1.Pre-wedding photo shoot - how soon before the wedding should this be?
We did this a few months before purely because the idea is to have the main picture present at the entrance table to the banquet dinner.
2.Guo Da Li gifts to bride's family - not exactly sure when this should be, but know that I am expected to give a pig and hong bao to her mother (pin jin). Is this still common?
Technically I skipped this, but there was a pig when..... see Point 5
3.ROM can be part of the wedding day or before - is this correct? How easy is it to fit it into the actual day?
Did the ceremony, signed the papers just before lunchtime then...... see Point 7. Later in the evening then we also had the formal banquet..... see Point 1.
4.Actual day starts with groom and brothers going to collect the bride. Bride's sisters require a series of challenges to be completed as well as hong bao! How much is acceptable to give the sisters?
Skipped this completely, neither myself nor the bride were comfortable with the idea of me carrying her down 22 flights of stairs., for example.
5. Tea Ceremony with bride's parents. Do we serve all of her older relatives?
Yes. Very easy and we also offered tea to the gods and past relatives, notably my (would be) F.i.L.
6. Groom takes bride back to grooms place for a further tea ceremony. My question here is what to do if the groom's parents are divorced and will not sit next to each other. Should we have 2 separate tea ceremonies? Also parents will be flying in, is it acceptable to have tea ceremonies in hotel suites /
Serviced Apartments?
Skipped. We did my parents (who had flown in from the UK) at the same time as...... see Point 5.

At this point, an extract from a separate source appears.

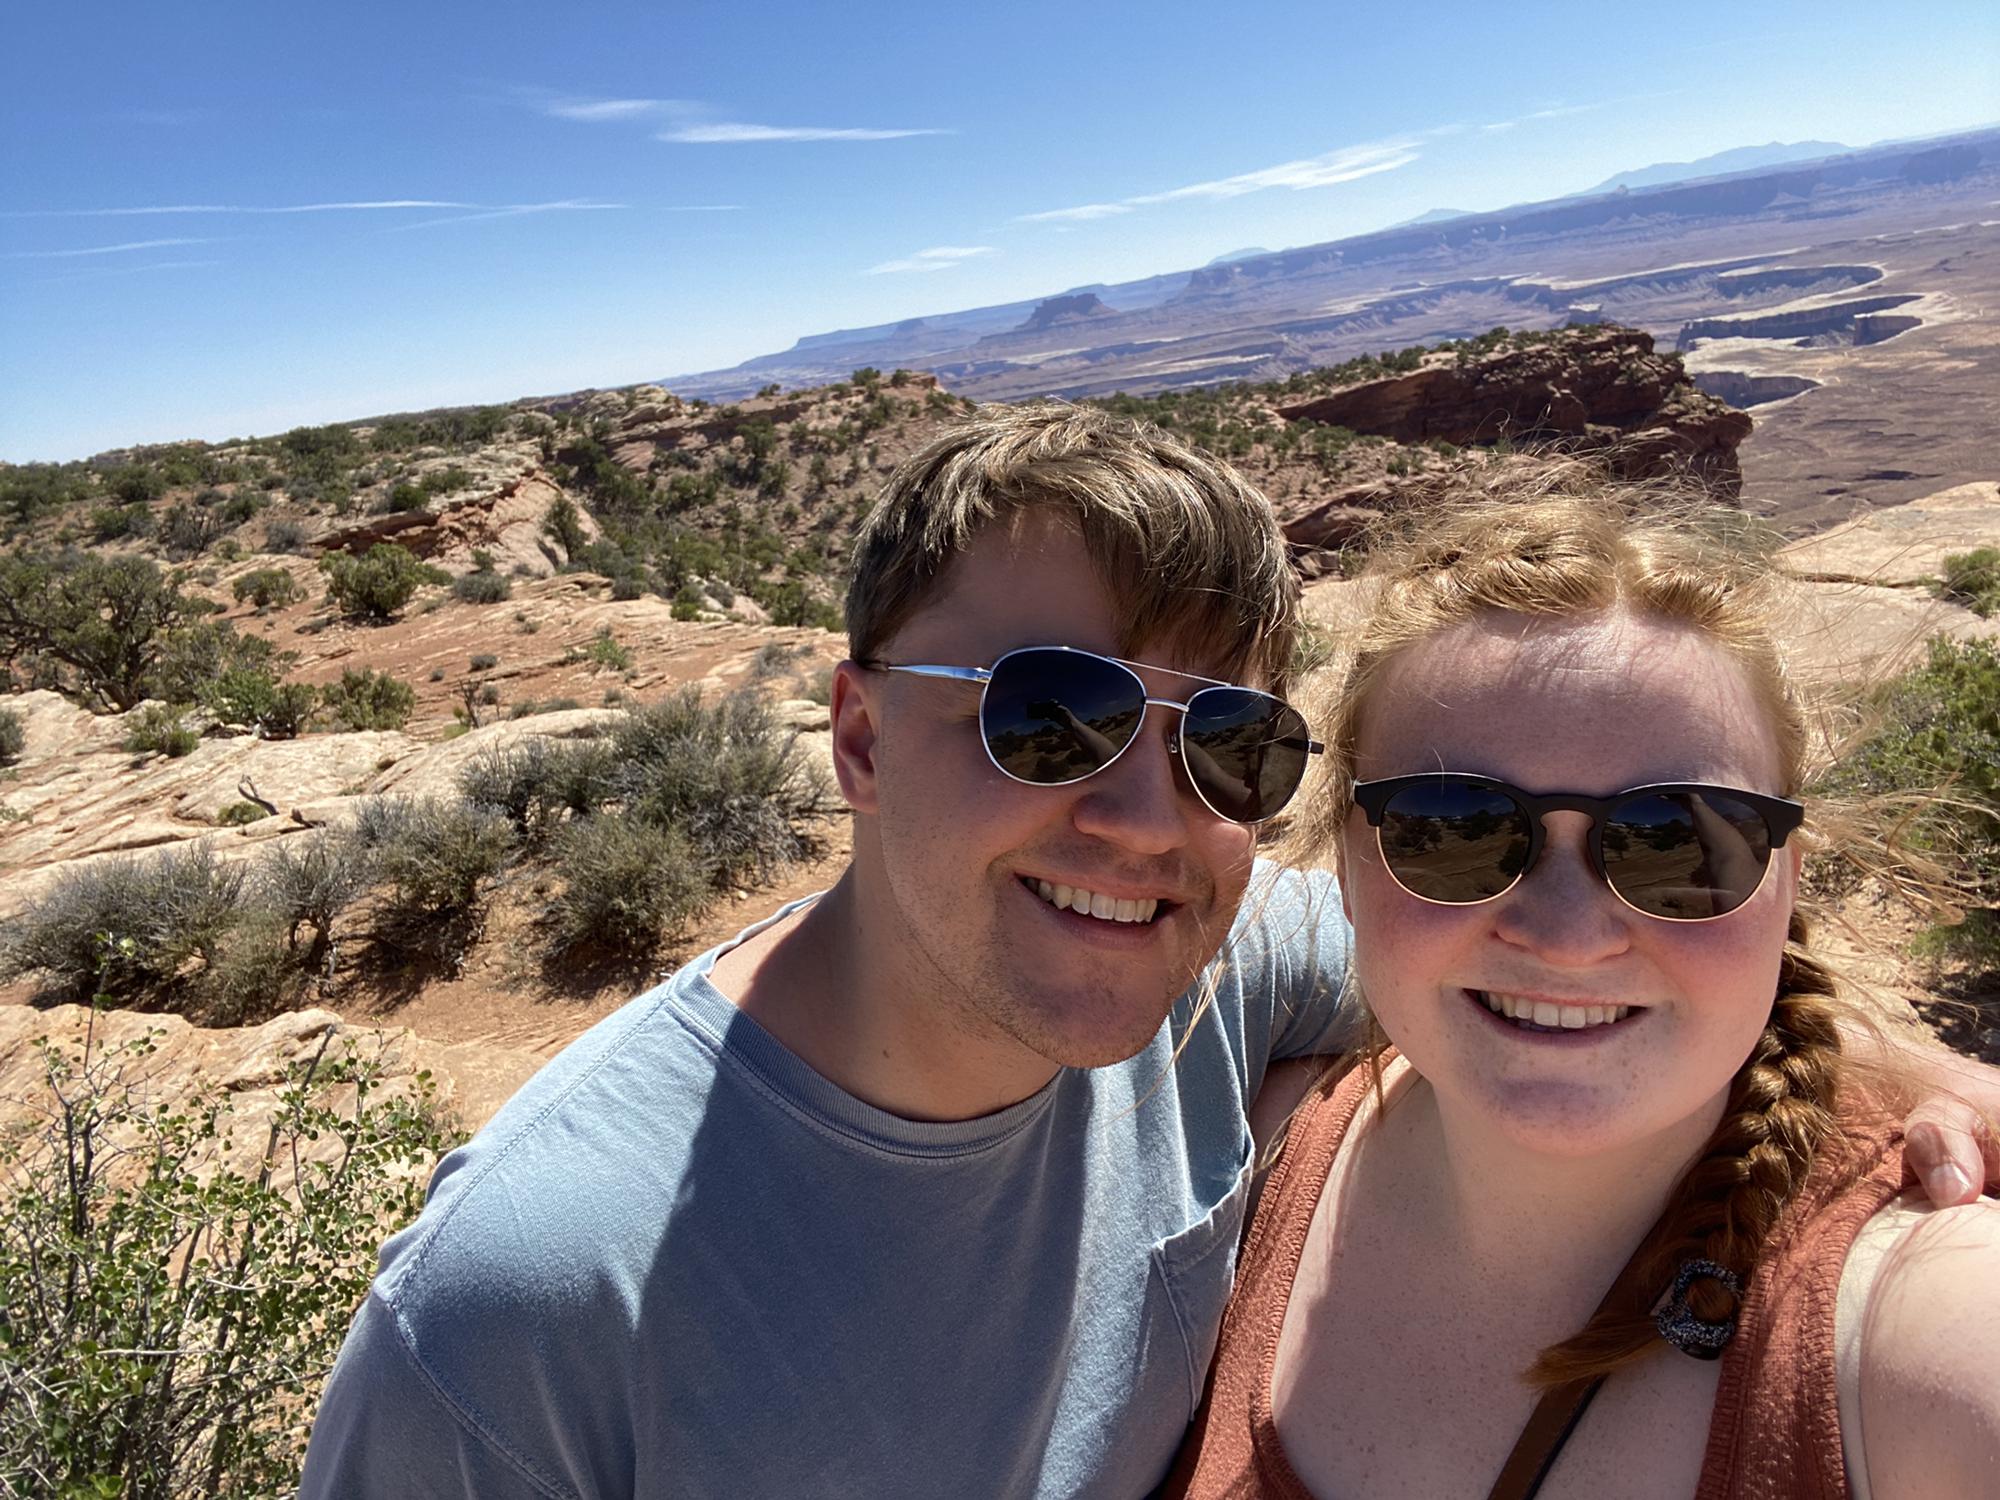 Exploring Canyonlands National Park!
June 2021

7. Lunch? where is it usually held? Groom's place?
We did lunch in a restuarant near the Registrars.
8. ROM ceremony - I assume this can be anywhere, not just the ROM building. Also, is it possible to ROM on any day of the week?
Pass.
9. Wedding banquet - Is it possible to cater for a mixture of Chinese, Jewish, Vegetarian, Muslim, Hindu guests? Also are there any traditions we should follow during the dinner? Guestbook? Cutting the cake? Going round the tables for a drink? Any others?
In HK we only had Chinese, except for myself and parents so the banquet was Chinese. We had the Guest Scroll for signing on the entrance table (also see Point 11) and a Red Packet book that would cross-check the names and tally up a total.

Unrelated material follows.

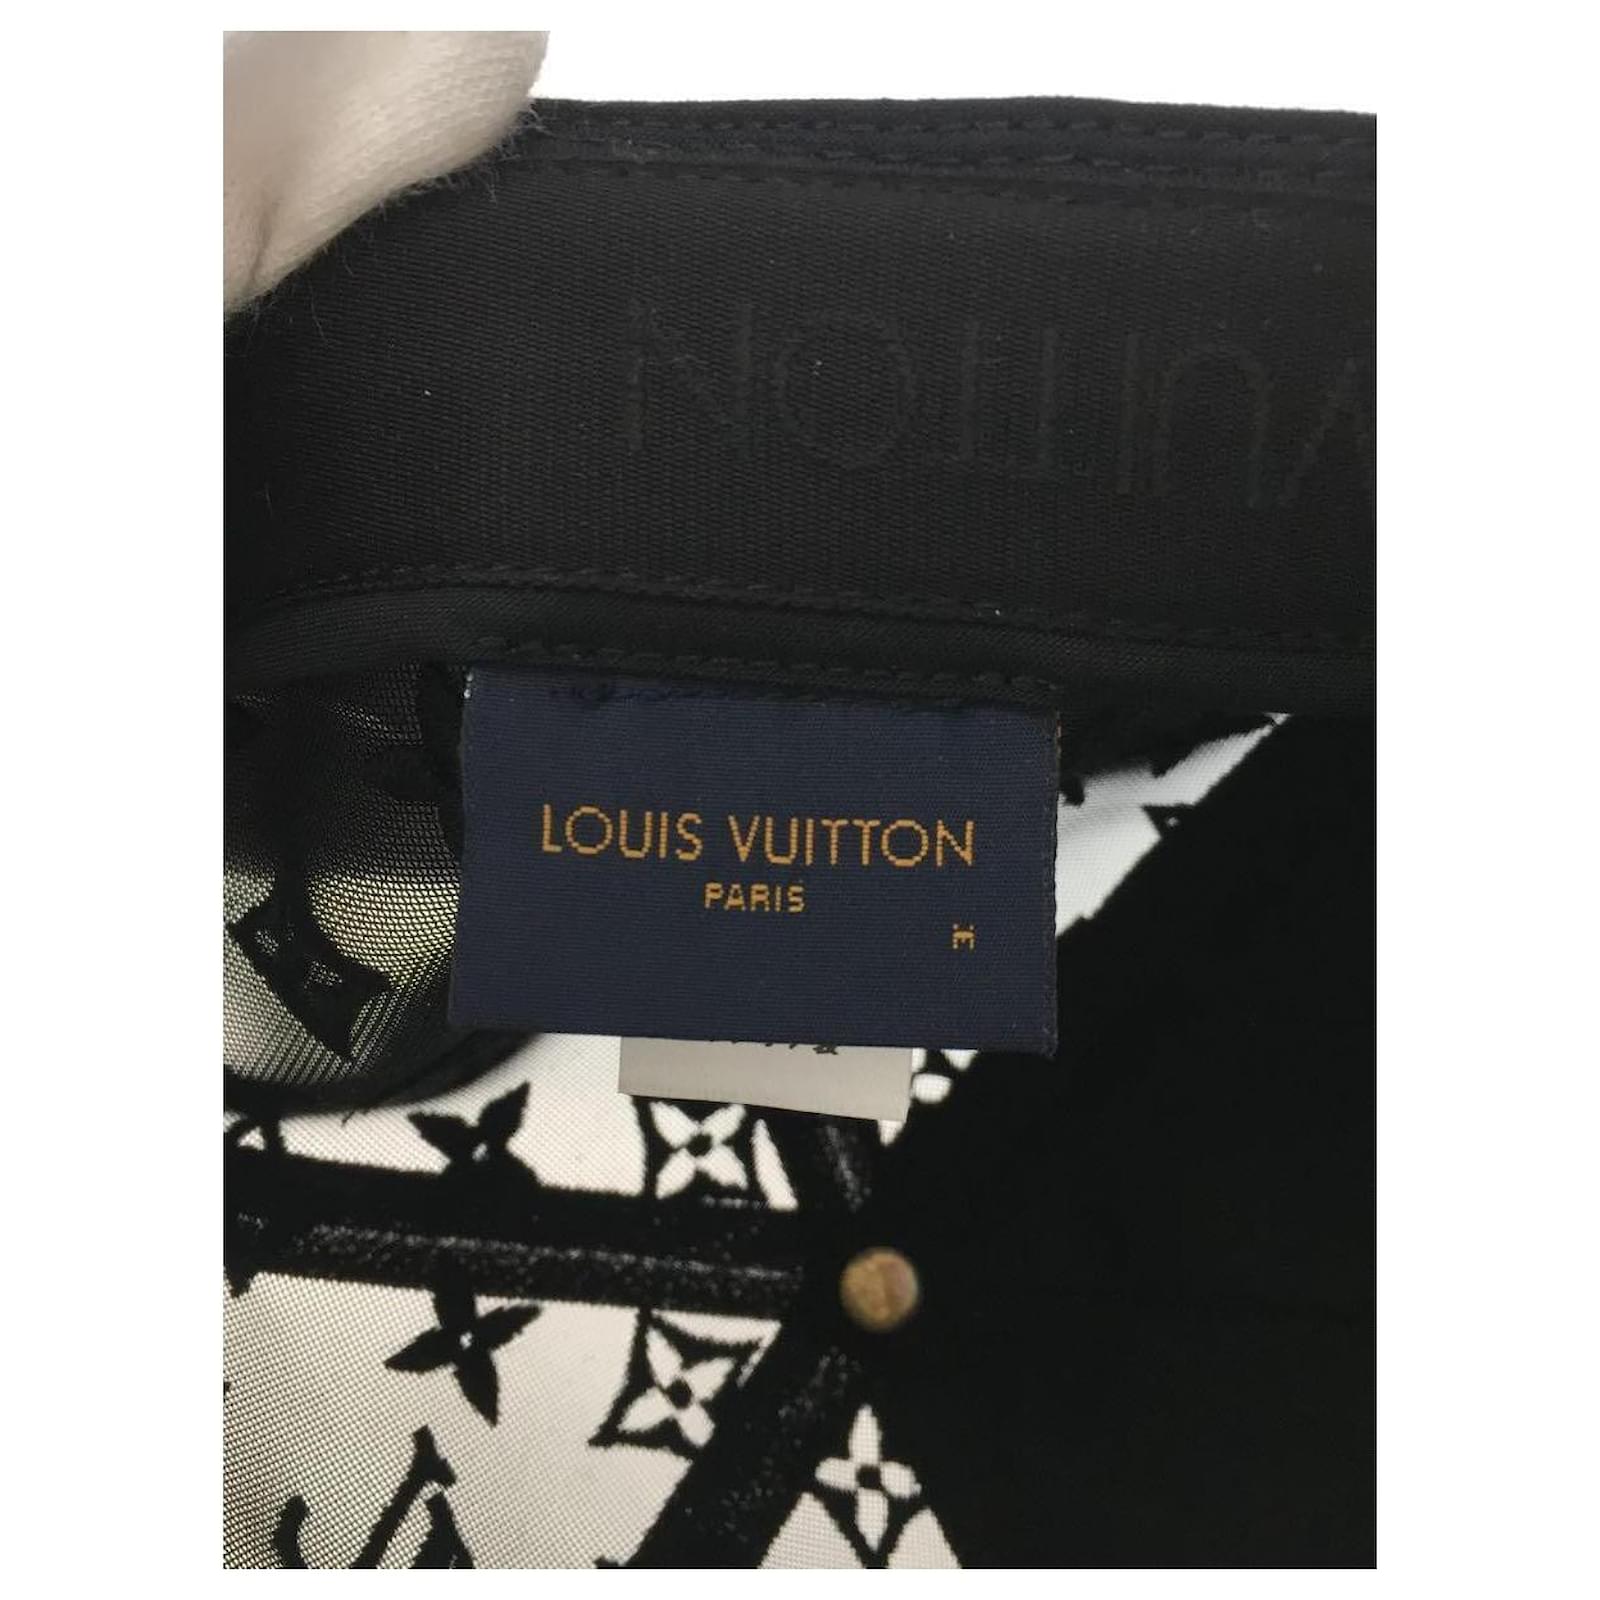 Gorra Louis Vuitton RY91 Gorra Louis Vuitton De Beisbol Logo y

The scroll was supplied by.... see Point 1, so also has our picture on it. We did cut the cake and tour the tables toasting each separately. Others: We also did bend to tradition a little and play a couple of games dreamt up by the bride's girlfriends (see Point 4) though with it being public it was also relatively "safe". Other than that i can't think of anything else other than the mahjong.
10. On a more financial note, am I right in saying the couple usually pay for everything (photos, dress hire, banquet etc) and the hong bao covers some of it?
Correct. The whole point of the tradition and "Red Envelope" is to turn a profit whereby sending the new couple into married life with something in the bank, rather than three sets of cutlery, two kettles and a dishwasher.
11. Date - I heard there are auspicious dates to get married depending on the time of birth of bride and groom - how do we find out about ours?
Correct, but my wife did ours.
We realise that there may need to be a lot of compromises (afterall thats what marriage is about!), but appreciate any advice. Would love to hear about past experiences of mixed race weddings.
In addition to the wedding formalities in HK we went back to the UK and held another reception there, tagged onto a week in Paris beforehand that was some sort of "honeymoon" though six months after we got married.
My parents and I even decided to go a little "oriental" on their hide and took both our Scroll for everybody to sign AND have my mother send out Red Envelopes with the invitations. Whilst it sounds a bit "off" it actually went down really well with the family because they didn't have to do any thinking. We did another cutting of the cake, a disco and handed out favours as are traditional at home....... and got seriously rat @rsed, which is also traditional.